My Ethics professor is one of a kind, and I don't mean a corny poker-line, he is one of a kind. I have never seen a person continually go out of his way to embarrass a student and protract the tenant til the end of class. I am not saying the student was innocent, but such dedication must be duly noted. I remember him speaking on a principle of Aristotle and a student began to talk. After respectfully hearing him through, the professor asked, "I am sorry, but what did that have to do with what I'm saying?" the student replied, "nothing." There is hope for the community college, at least the student understood the sporadicity of his comment. But as time continues I have been given opportunities I would not have had.
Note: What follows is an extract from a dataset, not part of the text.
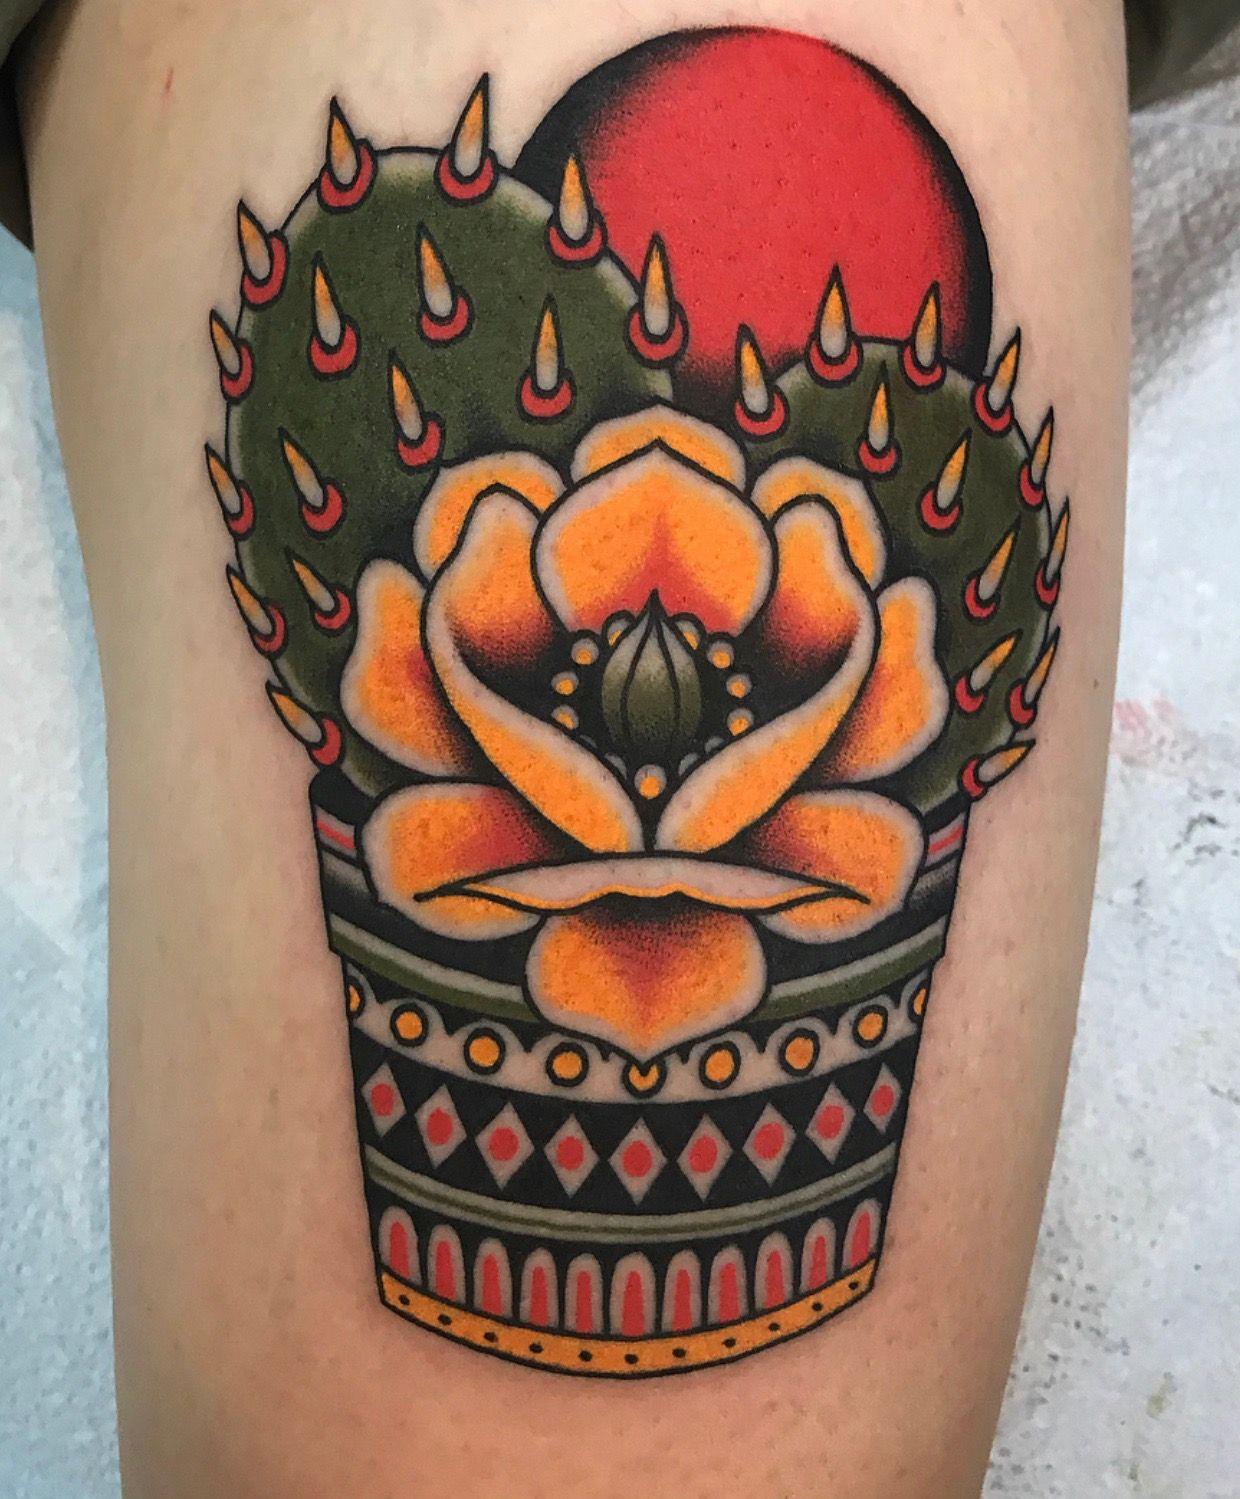 Small Simple Cactus Tattoo Designs (103)

On several occasions I was the only one, or one of only a few, that stood against popular opinion; Arguing in defense that Sex Requires Commitment, that Morality requires Religion, and that Social Moral Relativity is untenable. In a way, I have seen how it often takes one voice to say, "no," for a whole society to say, "what?" and then give their full attention.

My Introduction to Philosophy Professor gives Philosophy it's mystique. If a fifty year old man can walk into class with pink jeans, equally pink shirt, gray hair that billows about his shoulders with every step and nod, and has reverted to pegging his students with candy for every question ask, one could only question his sanity. Has decades of teaching community college cracked his mind? As I often wonder at this, he flippantly throws practical remarks that only confuses and cracks the minds of his students. Though he is a philosopher of the people showing disgust concerning modern socio-trends, it's entertaining to see how every philosophical concept can be reduced to either sex, drugs, or alcohol - I guess it reflects the common currency of modern society.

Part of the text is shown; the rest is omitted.